Let’s say only one other person in your network hears that you took the pledge and is inspired to do the same. That would be doubling your impact. If two people in your network were inspired to pledge based on your decision, that would be tripling your impact
Thanks Elizabeth, Owen, Brad and Kirsten for the constructive feedback! I agree that the post in its current form doesn’t live up to the epistemic standards we aspire to at GWWC, for many of the reasons you mention. My apologies for this.
The research team usually reviews any public impact claims we make, but this post slipped through the cracks of our review process in part because the main topic (i.e. “misconceptions about the pledge”) didn’t immediately seem research-related. We’ll tighten up the process to prevent this from happening in the future. I’ve now also reviewed and we’ll edit the post on the points you mentioned + a few others. We’ll post here once that’s done.
I didn’t find this paragraph to be off or particularly misleading fwiw.
It is roughly true (minus what they would have donated otherwise) when thinking in terms of counterfactual impact, and assuming you are an average pledger and would be inspiring other average pledgers (no expected difference in income or attrition, or effectiveness of charities donated to).
I think the caveats are sufficiently obvious that the reader could be expected to understand them on their own.
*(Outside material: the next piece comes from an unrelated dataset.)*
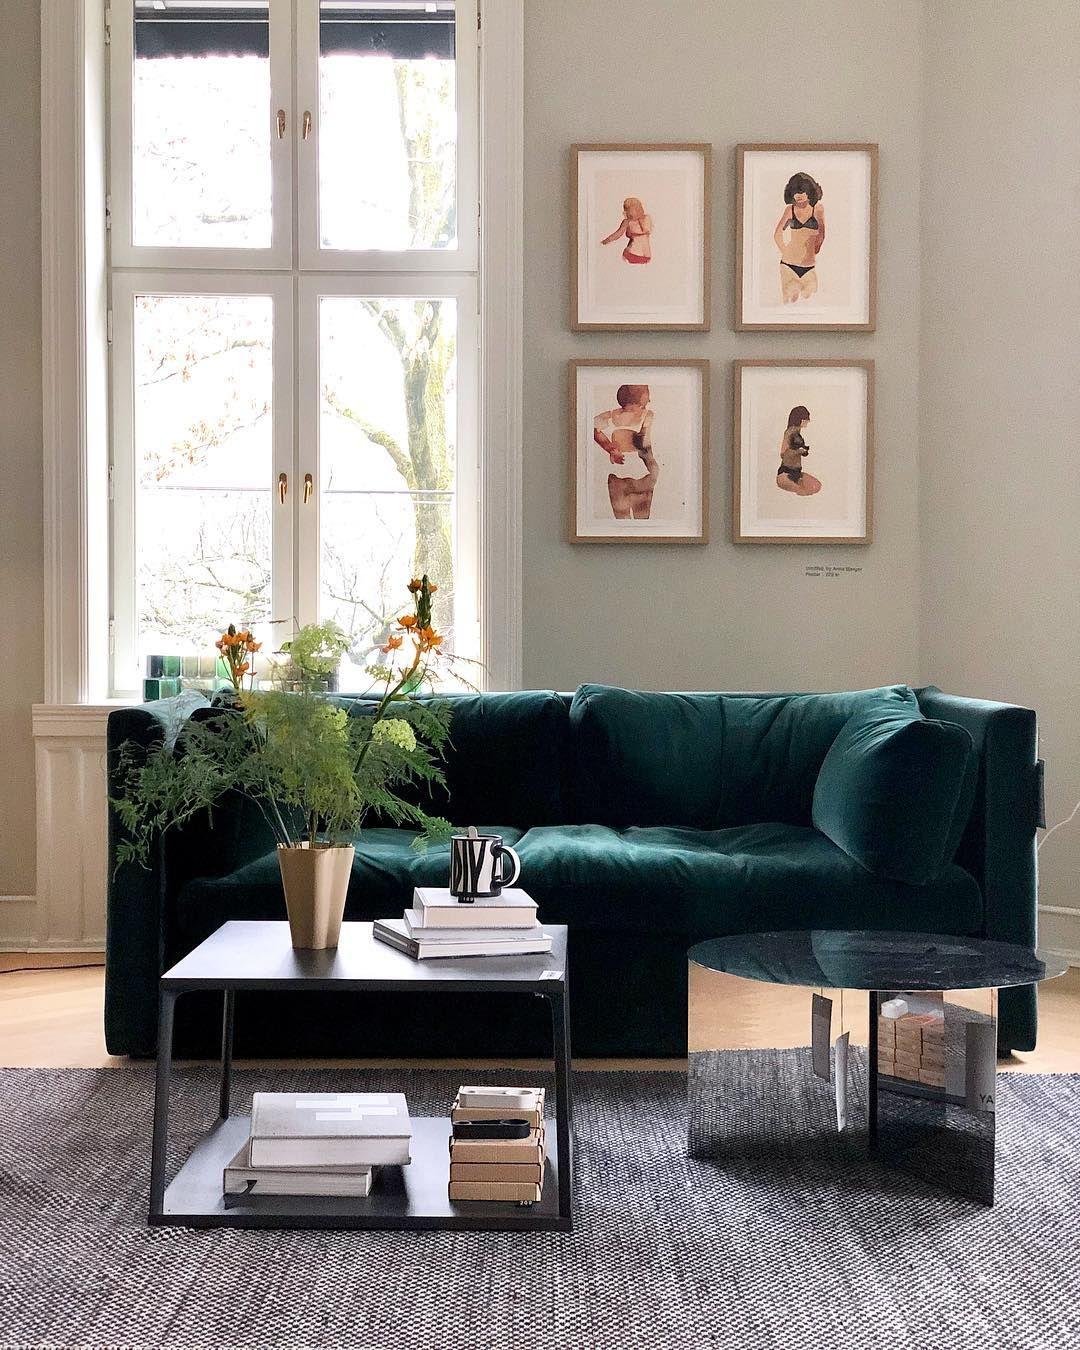 A Simple Metal Frame Contains The Six Cushions That Make Up This Sofa Dizajn Mebeli Dizajn Stula Metallicheskaya Mebel

For instance if you convince someone to donate $1000 it seems obvious that they should get most of the credit, but it still might be true that you were counterfactual in their decision.
Agree. Rejecting the argument because it double counts feels a bit like the “shouldn’t you be attributing some/most of the impact to the people that did the direct work” objection to estimates of how many lives your money can save.
I think everyone knows it’s a counterfactual claim contingent on you actually being a major influence on that person and not karmic accounting that assigns yourself all the credit
That said, it’s still a dubious approximation to say it ‘doubles’ your impact as it really depends on relative donation sizes of the people you persuade. That means it can be much more than double if you earn less than the people that listen to you, of course!
Hi Elizabeth—it would be great if you could explain why?
If you encourage a friend who wasn’t otherwise giving effectively or significantly to pledge—and they do—this seems like a potential doubling of donations going to high impact charities. Maybe more or less if their salary is higher or lower but as a rule of thumb I think it seems like generally a fine thing to say.
Maybe you were thinking that donations might be less counterfactual if these people are already in the effective altruism community(?), but many people GWWC reaches are outside the community who might be less likely to be giving effectively or significantly and we try to tailor our content for the broadest audience we reach, especially our blog content. I’ll get Alana to update that this is a link post of our blog post: https://www.givingwhatwecan.org/en/blog/5-things-you-ve-got-wrong-about-the-giving-what-we-can-pledge
Assigns 100% of their future impact to you, not counting their own contribution and the other sources that caused this change. It’s the same kind of simplification as “every blood donation saves 3 lives”, when what they mean is “your blood will probably go to three people, each of whom will receive donations from many people.”
Assumes perfect follow up. This isn’t realistic for a median pledger, but we might expect people who were tipped into pledging by a single act by a single person to have worse follow-up than people who find it on their own. You could argue it isn’t actually one action, there were lots of causes and that makes it stickier, but then you run into #1 even harder.
Reifies signing the pledge as the moment everything changes, while vibing that this is a small deal you can stop when you feel like it.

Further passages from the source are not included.